Егор прибежал к теще бегом, попросил у свекра чистую простынь и уйти из дома минут на пятнадцать. Клавдия Ивановна поняла, что зять хочет ее оперировать на дому.
— Поздно, Егор, слишком поздно, — заговорила она, морщась от боли, — и когда ты приехал тоже было поздно, поэтому ничего и не говорила никому. Обширные метастазы, нельзя все удалить. Ты, Егорушка, не обижай Тоню, люби ее и Андрея не забывай, он все-таки ее родной брат. А теперь иди, я хочу с мужем побыть последние часы своей жизни, не надо детям и тебе смотреть, как я умираю.
— Спать, — приказал Егор и обратился к мужу: — Чего рот раскрыл? Простынь давай и иди, жди на улице.
Антон мешкал, не зная, что делать — то ли Егора слушать, то ли с женой остаться, как она просила.
— Спит она перед операцией. А тебя матом во двор отправить или сам уйдешь?
Антон словно очнулся, подал простынь и вышел.

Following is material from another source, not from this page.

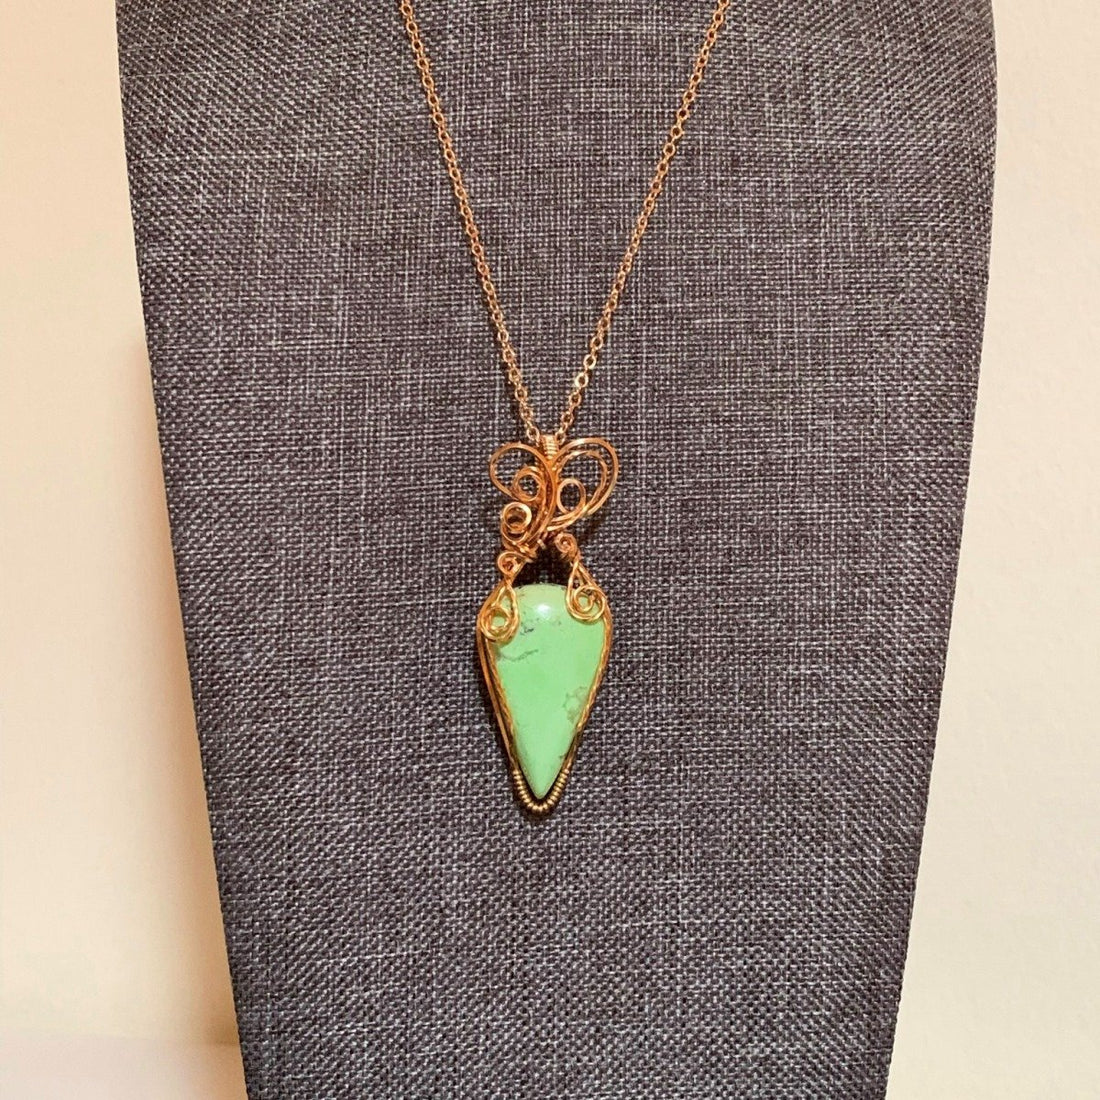 Pendant made of Lemon Chrysoprase Teardrop stone with gold wire wrap; .75" w x 2.25" l, incl bail

Егор раздел тещу, она лежала в крови. Опухоль повредила крупный сосуд. Он произвел разрез, кожа и подкожно-жировая клетчатка разошлись в стороны, начиная розоветь пятнышками кровоточащих сосудов. Остановив начавшееся кровотечение, Егор послойно разделял мышцы, добираясь до матки. Опухоль вросла в нее словно спрессованный комок цветной капусты, поразила тело и кровоточила на стыках здоровых тканей. Он вынимал ее до последней молекулы, раковые клетки люминесцировали в его энергетическом поле и обнаружить их было не сложно в общем кровавом разрезе.
Метастазы поразили практически весь малый таз еще не старой женщины, сдавливали нервные сплетения, вызывая сильные боли. Как она терпела такую боль, не подавая вида? Обычные анальгетики с ней не справлялись.
Доктор отслаивал, отрывал и выковыривал энергетическим скальпелем опухолевые скопления, не повреждая здоровые ткани. Клетчатка и лимфатические узлы малого таза очищены, но болезнь оказалась настолько запущенной, что поразила мочевой пузырь и прямую кишку. Комки «цветной капусты» вынимались отовсюду, давая возможность нормального существования здоровым тканям. Он сшил разъеденный кровоточащий сосуд и послойно стал закрывать рану. Долго водил над телом руками, убивая энергетическим излучением злокачественные клетки, разнесенные лимфосистемой по организму. Они в будущем могли осесть в другом органе и вновь начать свою зловредную деятельность.
Егор поражался стойкости и терпению этой женщины. До последнего дня она ходила на работу, не подавая вида, преодолевая невыносимую боль.
— Проснитесь, Клавдия Ивановна, — она открыла глаза, — вы здоровы, я удалил опухоль и все метастазы. Что же вы мне-то ничего не сказали? Стеснялись зятя и поэтому боялись обратиться ко мне, как к врачу? Это зря. Сейчас я уйду, вы встанете, оденетесь. Матрац придется выкинуть, он весь кровью пропитался. Короче — разберетесь.
Егор вышел во двор, протянул тестю целлофановый пакет:
— Это опухоль, надо ее в лесу закопать, в дом пока не ходи, Клавдии Ивановне надо переодеться. Закопаешь пакетик и все… Клавдия Ивановна теперь здоровая женщина. Рак матки — стеснялась ко мне обратиться. Ладно, бери лопату и в лес, а я домой.
Он рассказал Тоне, что болезнь позади, не переставая удивляться мужеством ее матери, которой из-за банального глупого стеснения приходилось переносить тяжкие мучения.
Прошло три года и Самохина практически не вспоминала о своей болезни. Но полностью от своего комплекса стеснения так и не смогла избавиться, всегда краснея, когда вспоминала и представляла себя обнаженной перед зятем. Кроме Егора, Тони и ее отца так никто и не узнал, что она была неизлечимо больна в свое время. Другие родственники и сельчане заметили, что Клавдия расцвела. Она всегда отвечала шуткой на похвалу: «Сорок пять — баба ягодка опять».
Многие совсем не старые женщины, ставшие официально бабушками, стеснялись этого слова, а Клавдия наоборот гордилась. Всегда говорила, что родить и воспитать детей не каждой дано, а тем более дождаться внуков.